Go to the line below containing "Small White Gold Verona Coil Chain Necklace" and print exactly from there through the line containing "Reliable freight solutions", both included. Print nothing else.

Start of The data

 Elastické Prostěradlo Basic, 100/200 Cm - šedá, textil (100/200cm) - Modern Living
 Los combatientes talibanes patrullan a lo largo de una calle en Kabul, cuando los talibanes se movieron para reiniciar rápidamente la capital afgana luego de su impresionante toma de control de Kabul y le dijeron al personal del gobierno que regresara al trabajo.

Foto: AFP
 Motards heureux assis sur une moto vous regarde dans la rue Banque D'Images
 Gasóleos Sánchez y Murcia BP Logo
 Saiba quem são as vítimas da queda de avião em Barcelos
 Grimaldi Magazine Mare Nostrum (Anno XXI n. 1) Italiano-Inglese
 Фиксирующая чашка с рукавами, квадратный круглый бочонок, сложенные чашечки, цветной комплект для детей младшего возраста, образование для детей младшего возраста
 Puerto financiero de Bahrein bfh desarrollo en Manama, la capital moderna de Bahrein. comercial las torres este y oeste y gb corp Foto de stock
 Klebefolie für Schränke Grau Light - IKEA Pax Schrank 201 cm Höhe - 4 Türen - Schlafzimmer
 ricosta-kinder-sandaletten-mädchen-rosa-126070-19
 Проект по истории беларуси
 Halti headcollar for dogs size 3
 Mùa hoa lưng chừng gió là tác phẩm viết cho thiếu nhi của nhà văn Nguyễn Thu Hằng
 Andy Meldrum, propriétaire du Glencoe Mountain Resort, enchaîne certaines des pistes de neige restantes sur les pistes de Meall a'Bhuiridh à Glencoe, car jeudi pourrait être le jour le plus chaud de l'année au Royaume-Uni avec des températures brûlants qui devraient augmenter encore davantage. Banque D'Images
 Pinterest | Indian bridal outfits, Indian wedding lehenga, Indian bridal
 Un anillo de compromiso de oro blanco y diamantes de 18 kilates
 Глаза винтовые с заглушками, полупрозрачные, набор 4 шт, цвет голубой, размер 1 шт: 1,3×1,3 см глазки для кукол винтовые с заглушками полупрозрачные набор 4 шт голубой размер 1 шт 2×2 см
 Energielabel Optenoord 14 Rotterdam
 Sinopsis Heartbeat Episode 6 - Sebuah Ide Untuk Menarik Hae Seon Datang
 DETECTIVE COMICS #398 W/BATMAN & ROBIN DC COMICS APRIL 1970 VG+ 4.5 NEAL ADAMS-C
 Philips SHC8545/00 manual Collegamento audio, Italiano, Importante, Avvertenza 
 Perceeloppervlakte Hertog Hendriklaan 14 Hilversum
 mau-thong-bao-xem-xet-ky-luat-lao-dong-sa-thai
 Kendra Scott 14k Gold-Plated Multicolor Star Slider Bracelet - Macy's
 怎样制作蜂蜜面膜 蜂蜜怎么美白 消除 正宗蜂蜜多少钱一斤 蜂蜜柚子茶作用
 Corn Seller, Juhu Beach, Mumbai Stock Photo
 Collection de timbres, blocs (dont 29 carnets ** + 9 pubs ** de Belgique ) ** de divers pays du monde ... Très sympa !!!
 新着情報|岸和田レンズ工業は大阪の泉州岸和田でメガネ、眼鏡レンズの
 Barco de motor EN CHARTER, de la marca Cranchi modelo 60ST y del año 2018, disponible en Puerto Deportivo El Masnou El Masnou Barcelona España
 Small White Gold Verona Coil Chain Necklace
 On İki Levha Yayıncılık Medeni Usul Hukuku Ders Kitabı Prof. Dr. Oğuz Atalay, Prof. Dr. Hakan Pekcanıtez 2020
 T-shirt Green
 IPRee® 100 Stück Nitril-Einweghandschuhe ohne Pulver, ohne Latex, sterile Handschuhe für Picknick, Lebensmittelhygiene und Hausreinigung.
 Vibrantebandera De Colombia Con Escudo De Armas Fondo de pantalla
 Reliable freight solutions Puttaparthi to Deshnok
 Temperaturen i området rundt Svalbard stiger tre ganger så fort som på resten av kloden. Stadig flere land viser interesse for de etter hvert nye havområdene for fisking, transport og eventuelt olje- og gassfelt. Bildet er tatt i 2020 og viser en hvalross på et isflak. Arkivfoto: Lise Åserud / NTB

End of The data

■ **Solution to the exercise**:
 Small White Gold Verona Coil Chain Necklace
 On İki Levha Yayıncılık Medeni Usul Hukuku Ders Kitabı Prof. Dr. Oğuz Atalay, Prof. Dr. Hakan Pekcanıtez 2020
 T-shirt Green
 IPRee® 100 Stück Nitril-Einweghandschuhe ohne Pulver, ohne Latex, sterile Handschuhe für Picknick, Lebensmittelhygiene und Hausreinigung.
 Vibrantebandera De Colombia Con Escudo De Armas Fondo de pantalla
 Reliable freight solutions Puttaparthi to Deshnok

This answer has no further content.